#### [YOUR ASSIGNMENT]
Write out the entire listing below exactly as it appears, minus any pictures.

#### [DATASET EXTRACT]
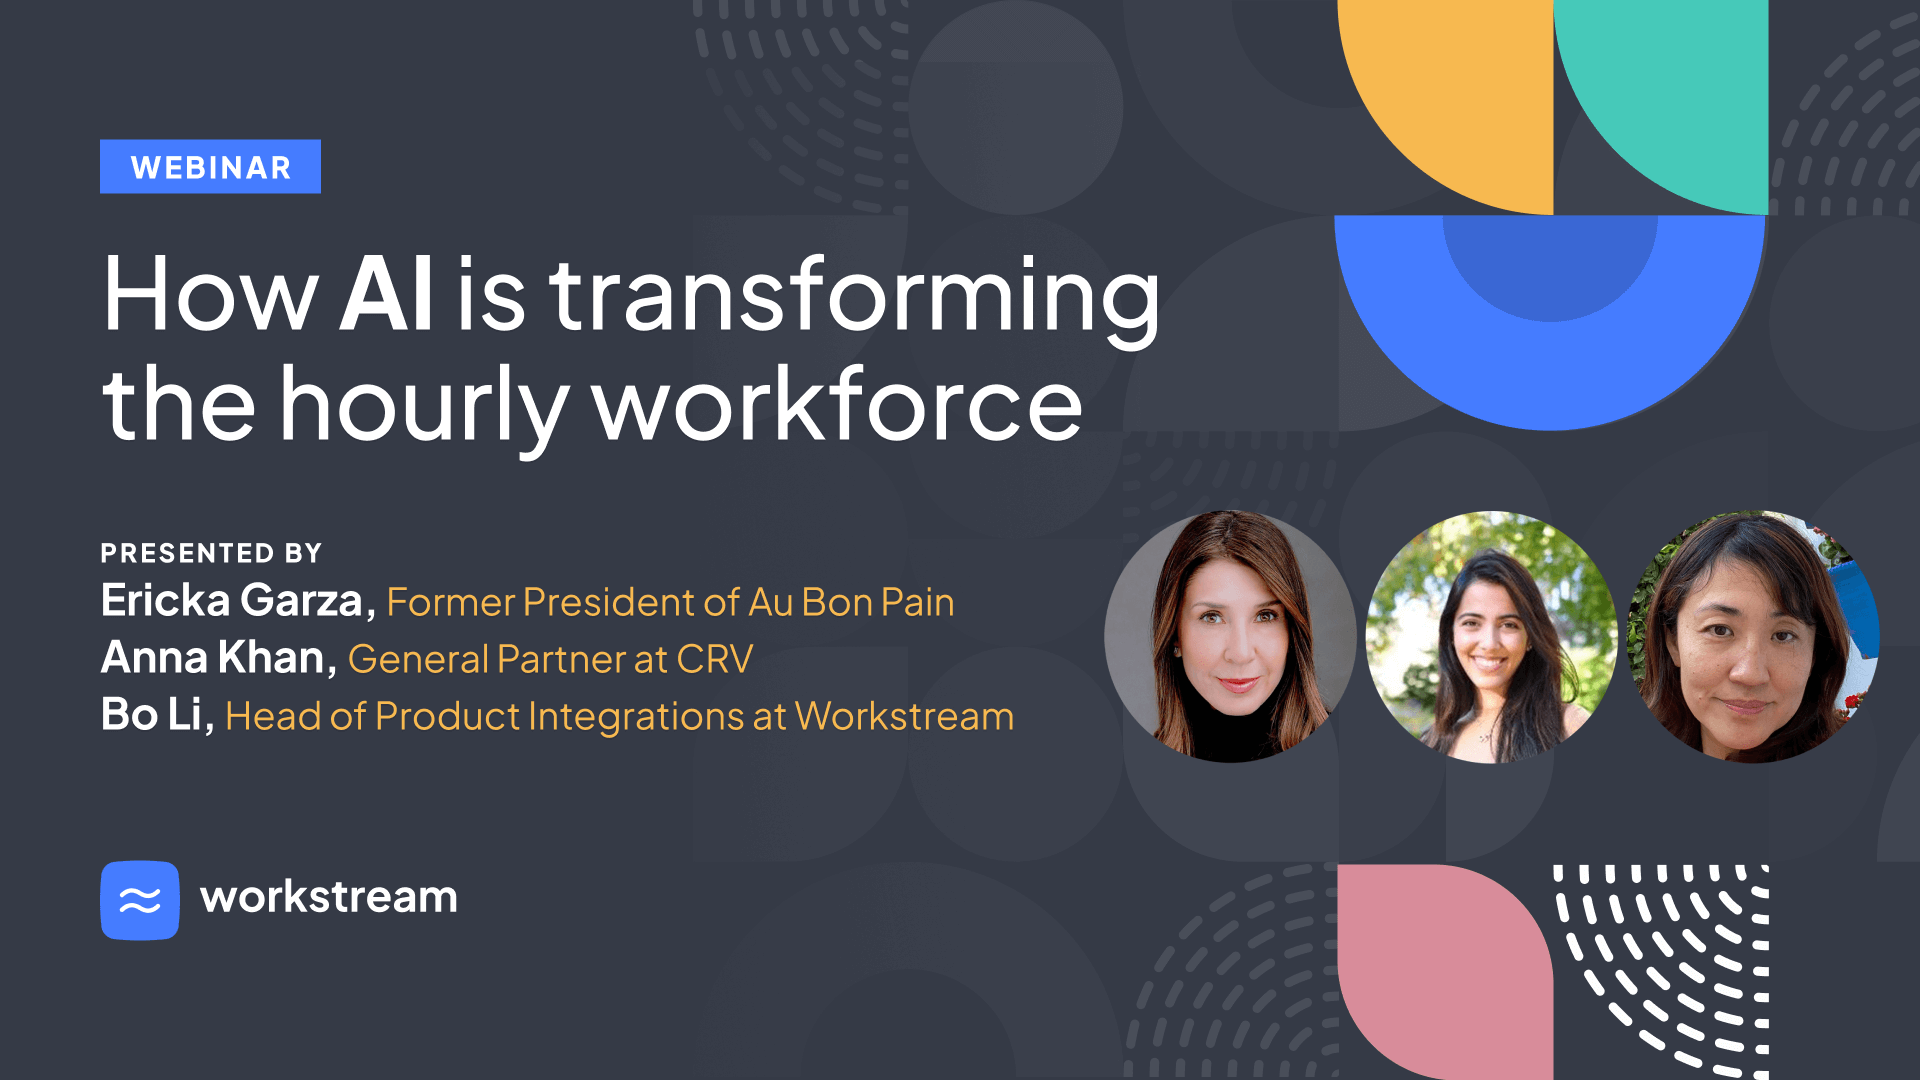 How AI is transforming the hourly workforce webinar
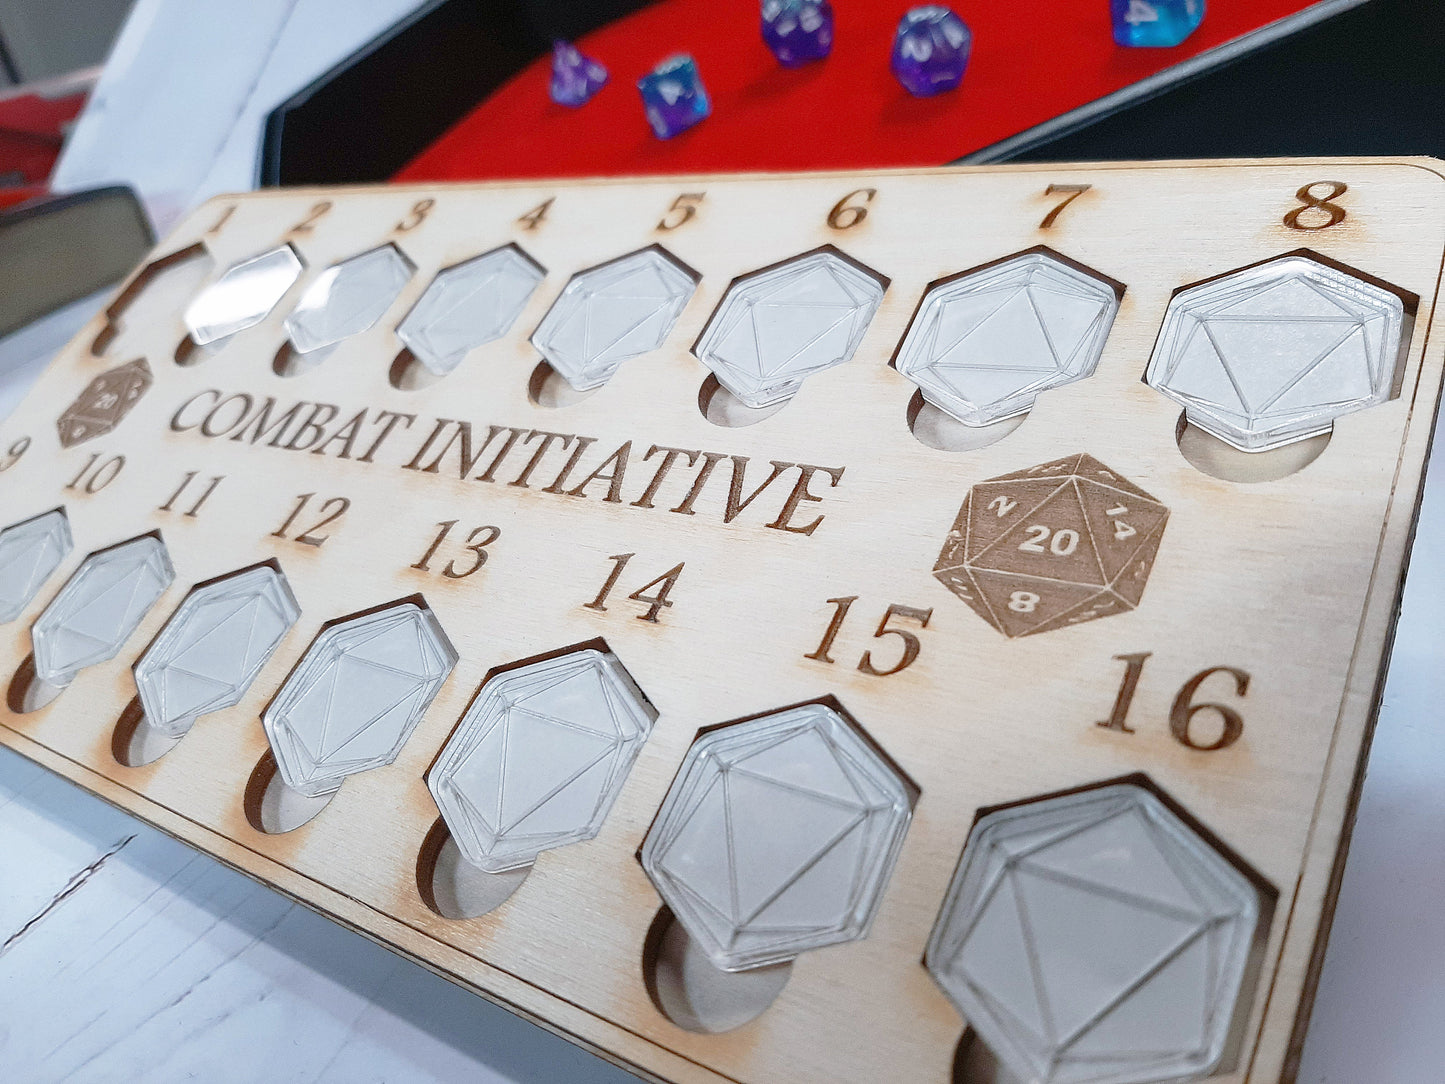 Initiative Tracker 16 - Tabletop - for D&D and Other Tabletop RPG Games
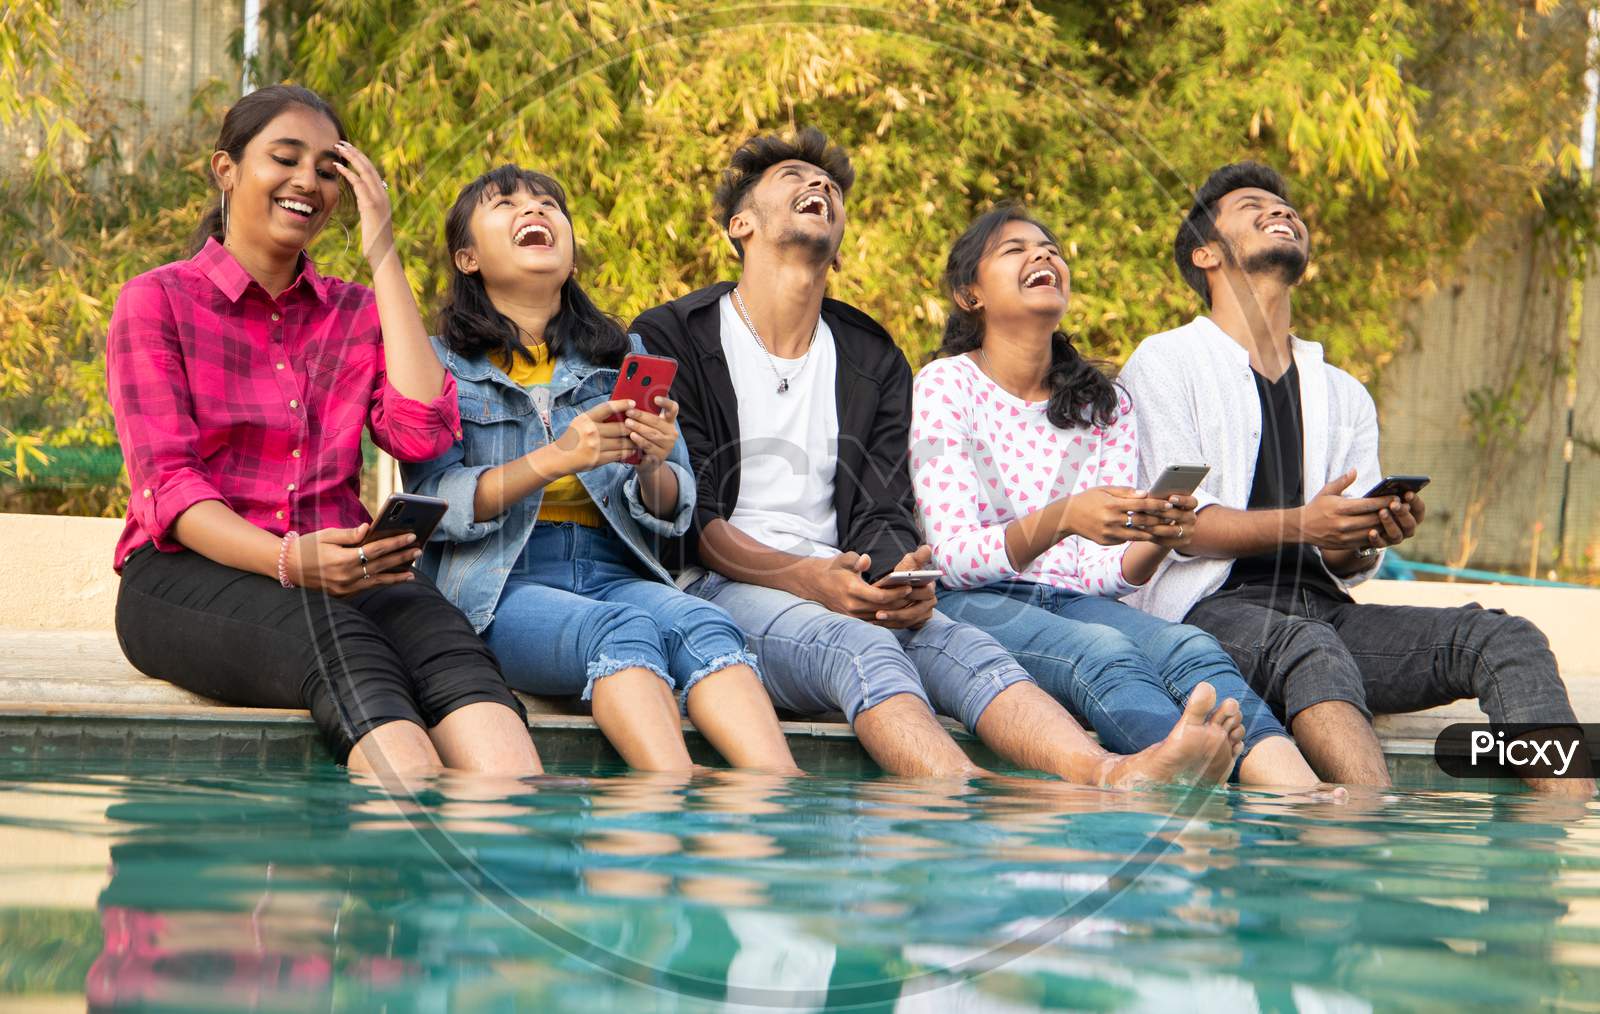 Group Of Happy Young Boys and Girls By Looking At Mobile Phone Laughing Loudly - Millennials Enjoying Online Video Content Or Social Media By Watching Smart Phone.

#### [TASK OUTPUT]
 How AI is transforming the hourly workforce webinar
 Initiative Tracker 16 - Tabletop - for D&D and Other Tabletop RPG Games
 Group Of Happy Young Boys and Girls By Looking At Mobile Phone Laughing Loudly - Millennials Enjoying Online Video Content Or Social Media By Watching Smart Phone.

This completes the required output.